I remember heated discussions back at the time the above image appeared on the net about the colour of the coat and the shirt. The styling was seriously drawn into question. Mr Manly Male dressed in a powder pink shirt and a baby blue coat? What the??? I knew back then that the shirt wasn’t pink and the coat wasn’t baby blue but that the camera caused colour aberrations. This photo was (most definitely) shot with a camera phone – it is blurry, it has an overexposed window in the background and it has unrealistic hues in it. You can tell from the lack of composition and disregard of the background that it was merely meant as a quick snap for social media purposes – hence the use of the camera phone for quick upload. And that pretty much explains the weird colours of the garments. The relatively simple camera of the smartphone cannot balance out the light interference in the room: ambient daylight from the window, studio lighting (probably the tungsten light that lights a studio from the strobe when it is *not* flashing).
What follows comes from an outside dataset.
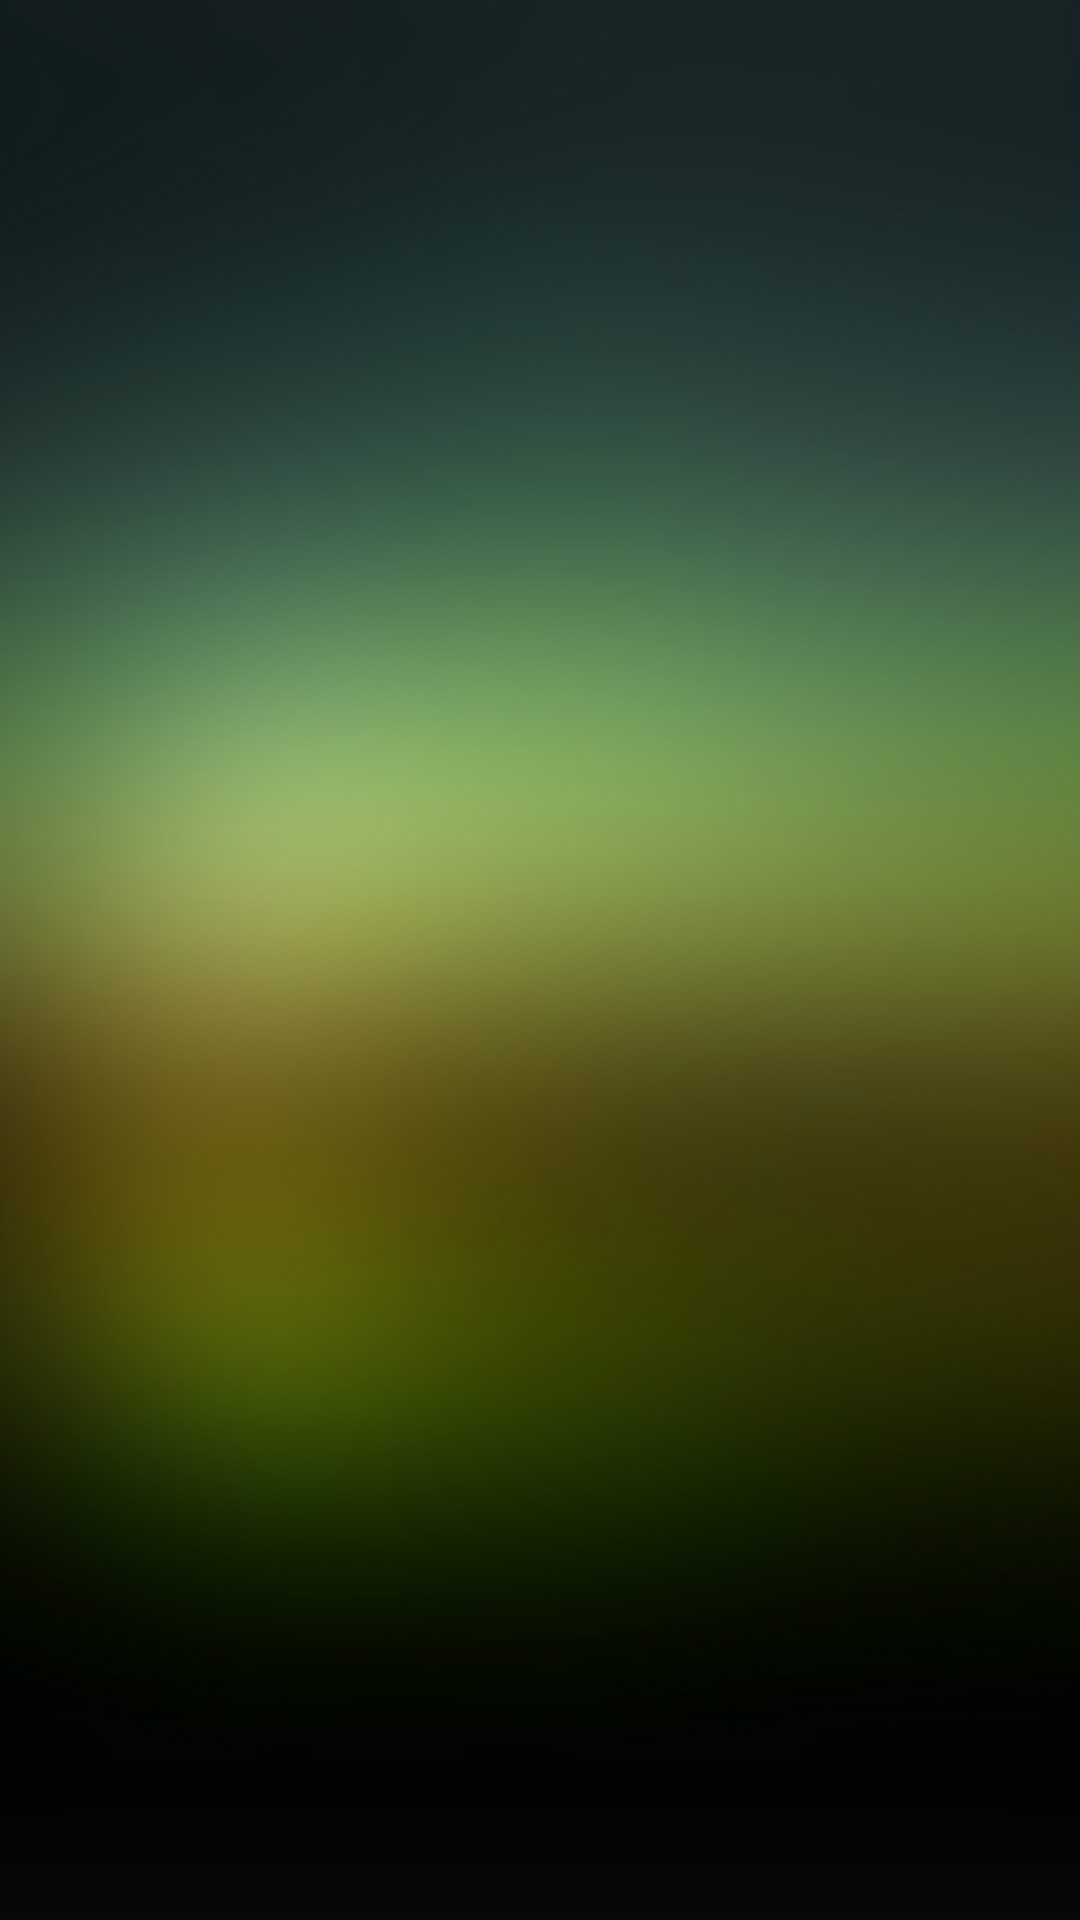 Aurora-Night-Nature-Gradation-Blur-iPhone-wallpaper-wpc5802367

Compare the camera phone image with the finished article:


Richard Armitage – sharp. In a shot by Leslie Hassler, 2013

The shirt is white and the coat is grey.

The aberrations you see in the camera phone image are the reason why photographers take care to set the correct white balance in their camera. However, they also adjust tint and colour temperature in post-production, something you can easily do even in basic editing programs such as Picasa or MS Picture Gallery’s editing tool. You can play with the little levers and see the image change. For the fun of it, here’s an edited version that is a bit closer to the truth but still not great.
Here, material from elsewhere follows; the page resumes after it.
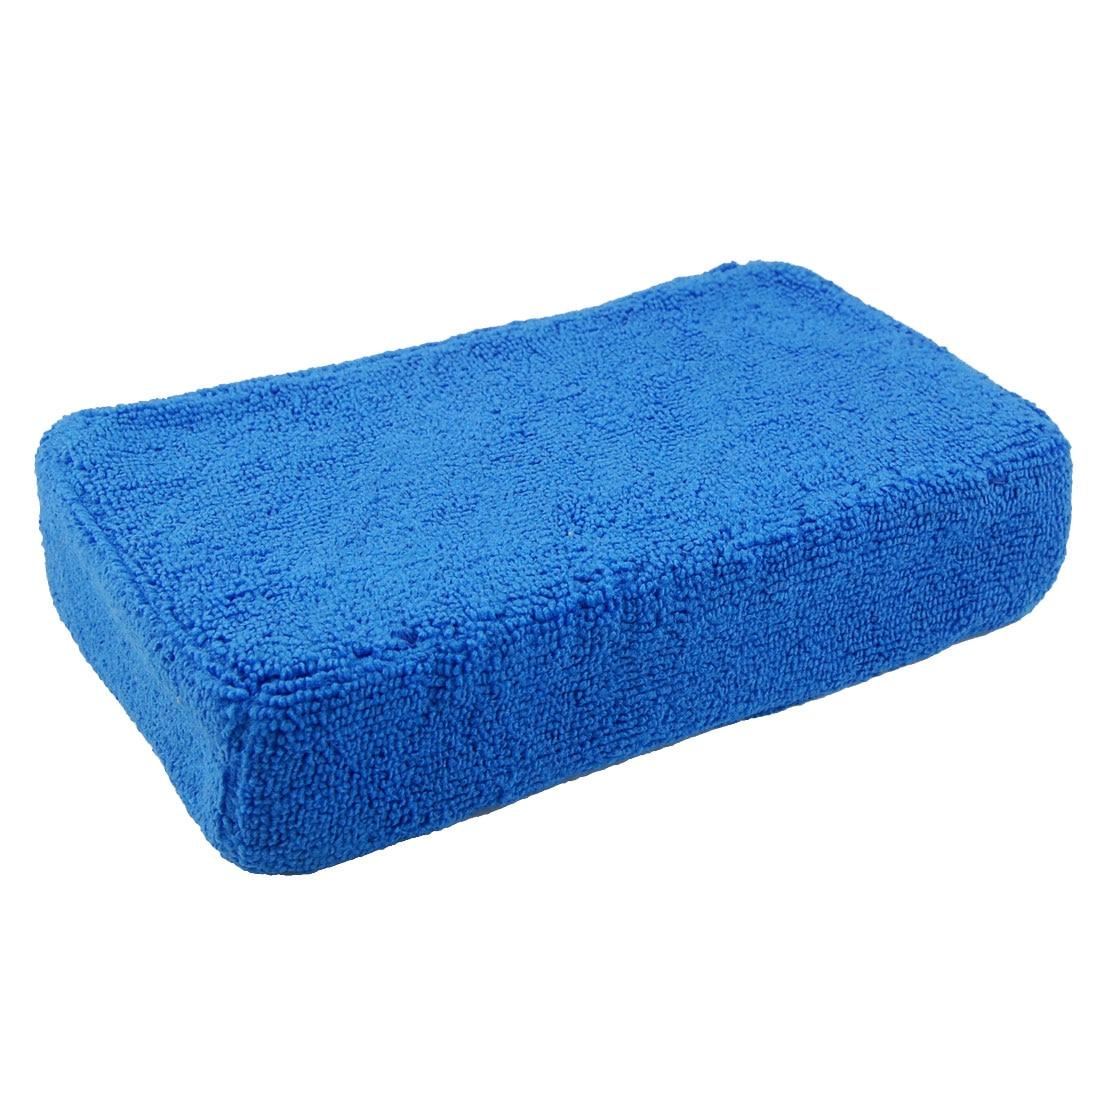 UXCELL Car Window Door Rectangular Sponge Cleaning Pad Cleaner Tool Blue

What you can take from this is that there is no replacement of conventional digital cameras by camera phones, however many pixels they may already have. The final image by Hassler is a million times better, has higher contrast, correct tint and colour temperature, perfect exposure, proper composition and is sharper. Well, the sharpness of the man translates into the image, I suppose…
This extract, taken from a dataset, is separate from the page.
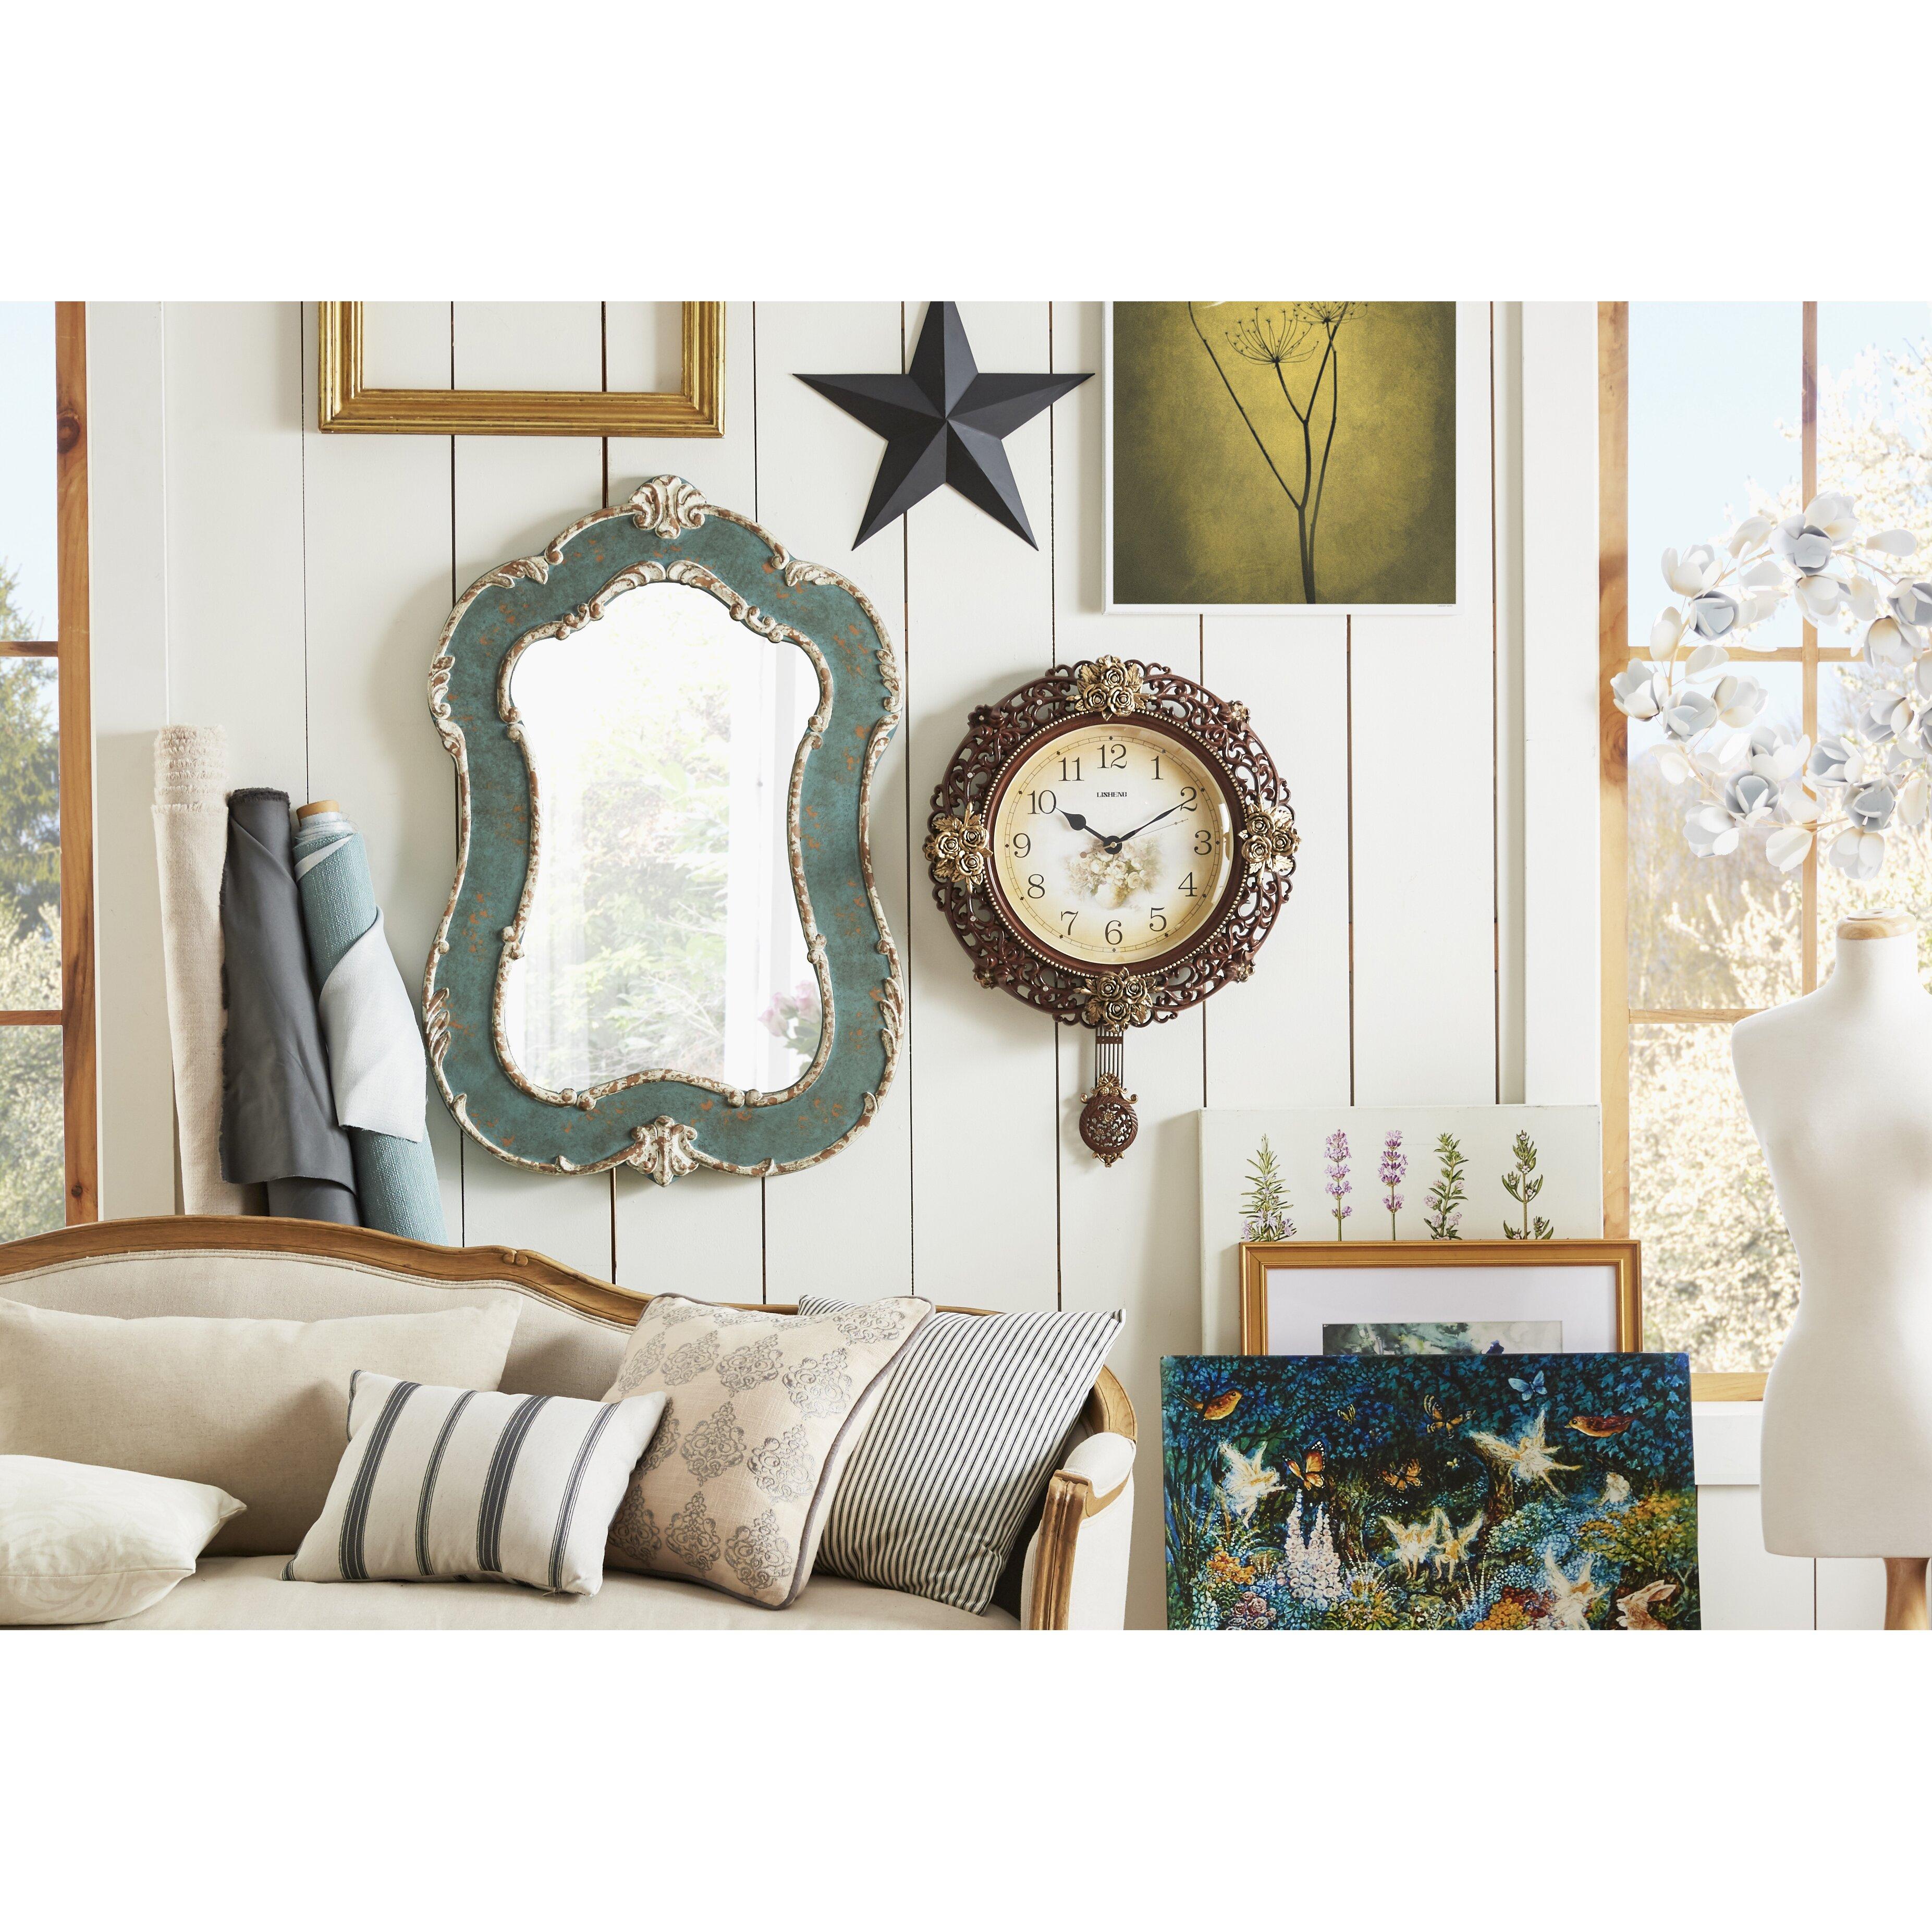 barn stars wall decor - makipera

May I confess something in this intimate circle of friends at the end of my *ooof*? Despite the “Return of the Mojo” *cue Star Wars theme tune*  I am lately far more excited about the whole “shrining business” than about *ooof*ing. Is Guylty turning her back on photography? Far from it. I still shoot every day, but I find that a lot of my creativity is currently focussed on my crafting project (RAPS)- and what certainly suffer are the *ooof*lets. I suppose there is only so much creative energy at my disposal, and much of that is going into the design of the little drooling aids. My own photography is not really suffering, though, because in lieu of holding on to the shrines, I take photos of them for my own archive. And I have found that I am re-engaging with still life photography, something I hadn’t done for a while. I mostly shoot portraiture these days, with the occasional product shoot thrown in. (And the usual holiday snapping, i.e. street photography and landscapes for fun.) So I have to forgo the *ooof*let once again. There are only so many scenarios you can fictionalise when you look at an image of a photo shoot. Let’s hope that the Urban crew spoils us with another shot from the set, soon. That one really got my imagination going.

Happy Easter, Pessach, Spring celebration to you, m’dears.